Task statement ▸ Make an exact copy of the listing underneath, skipping each picture.

Stored data ▸
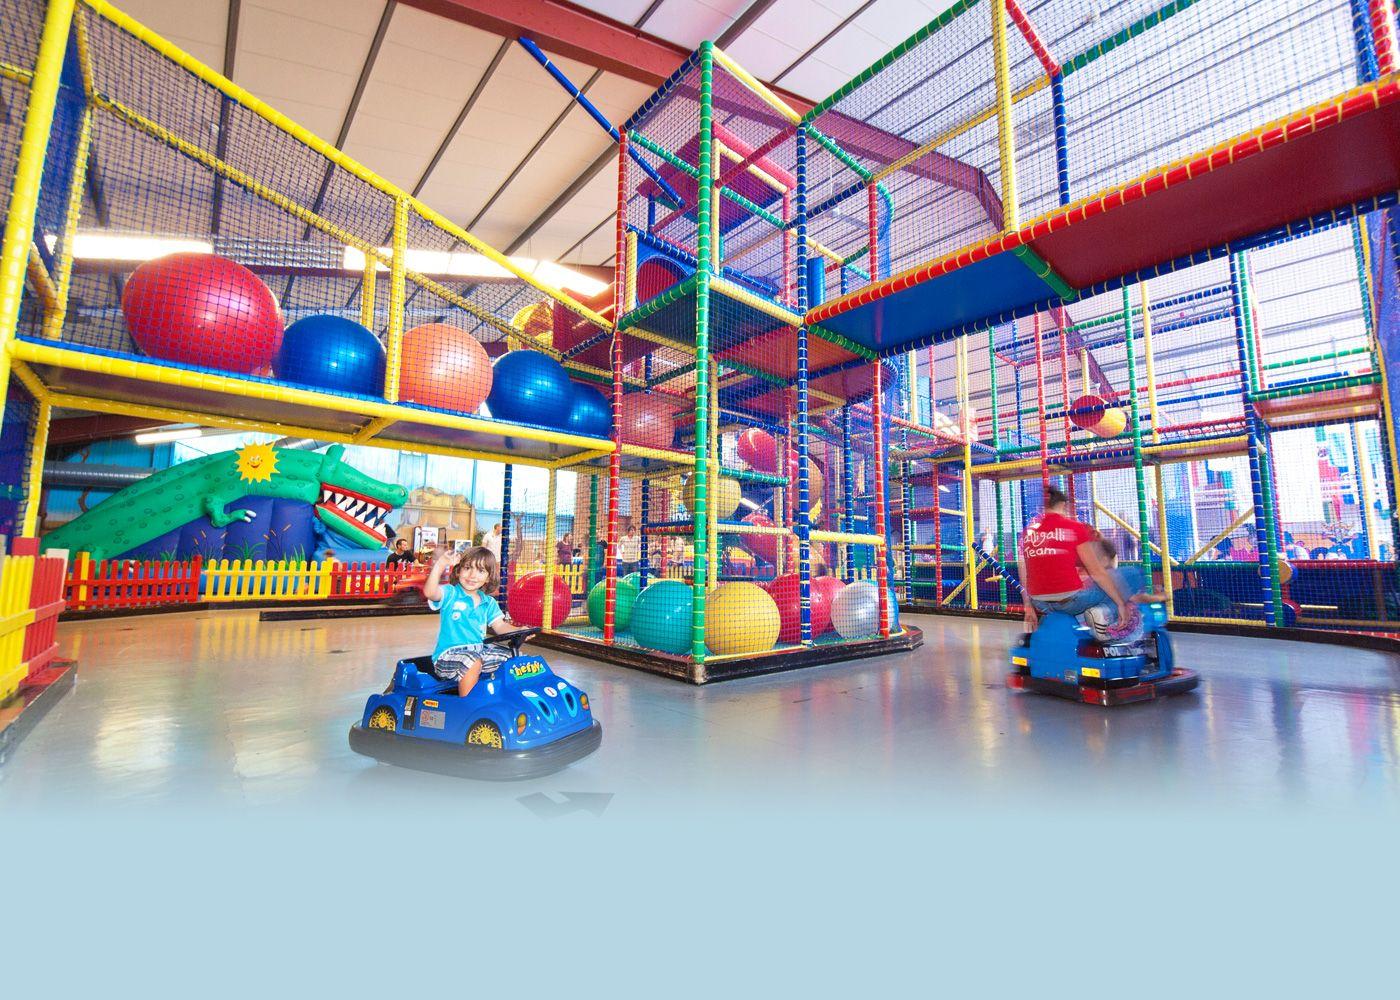 indoorspielpark rosbach halligalli kinderwelt hier ist platz zum spielen toben geburtstag. Black Bedroom Furniture Sets. Home Design Ideas
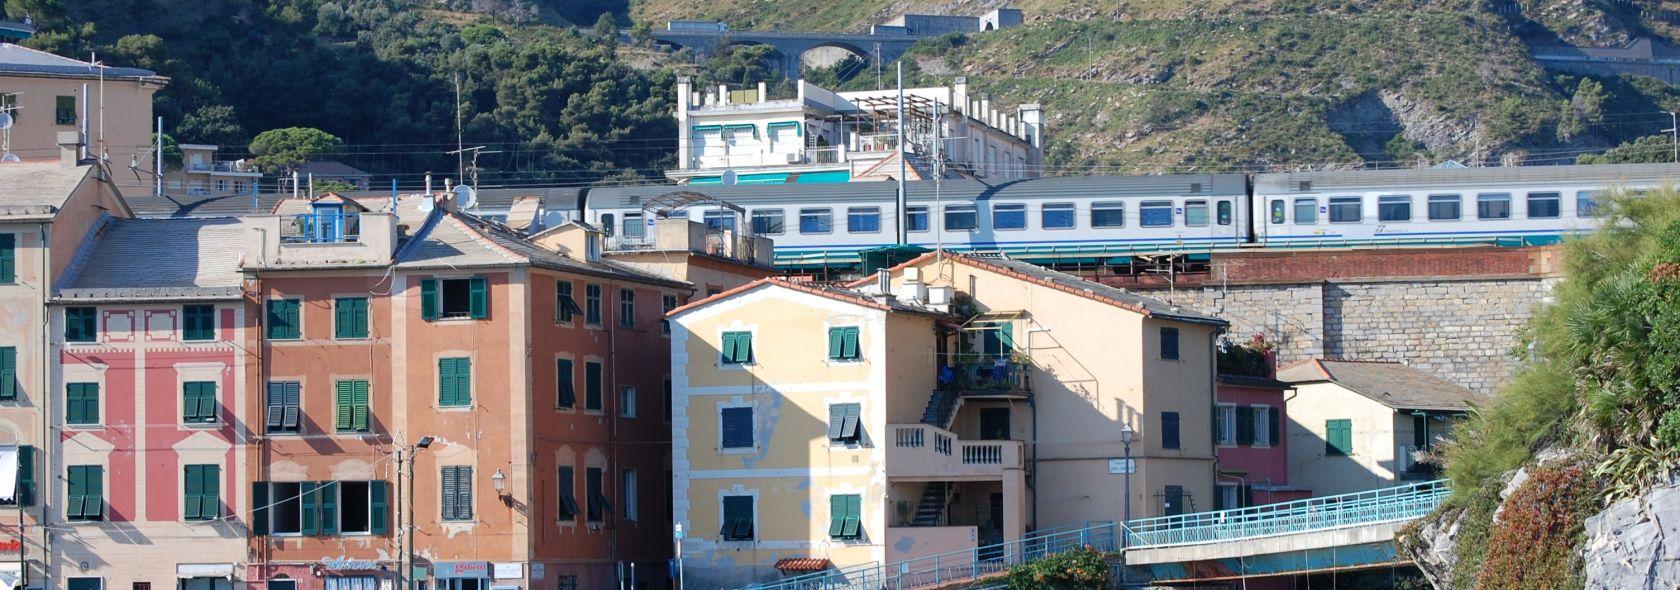 Treno di passaggio a Genova Nervi
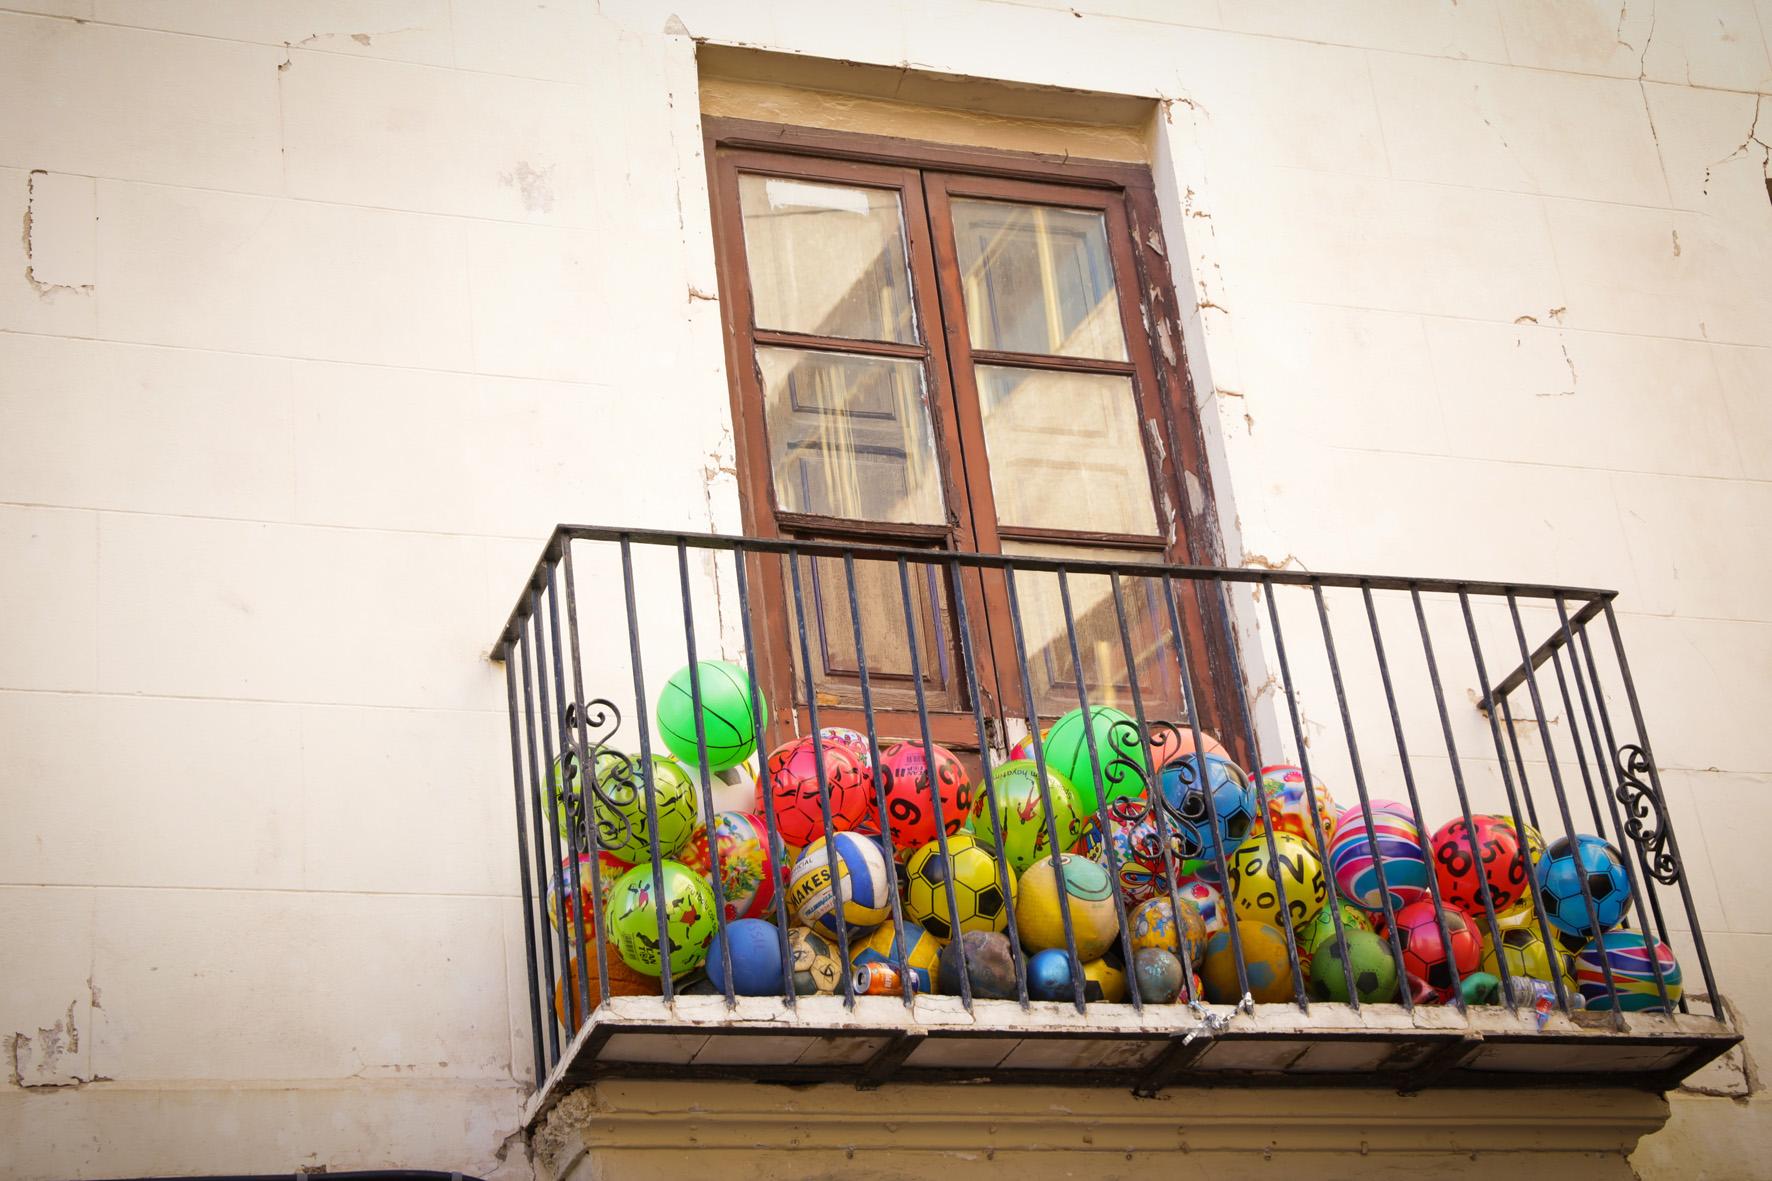 Inauguración de la Biennal de Mislata Miquel Navarro

Task response ▸
 indoorspielpark rosbach halligalli kinderwelt hier ist platz zum spielen toben geburtstag. Black Bedroom Furniture Sets. Home Design Ideas
 Treno di passaggio a Genova Nervi
 Inauguración de la Biennal de Mislata Miquel Navarro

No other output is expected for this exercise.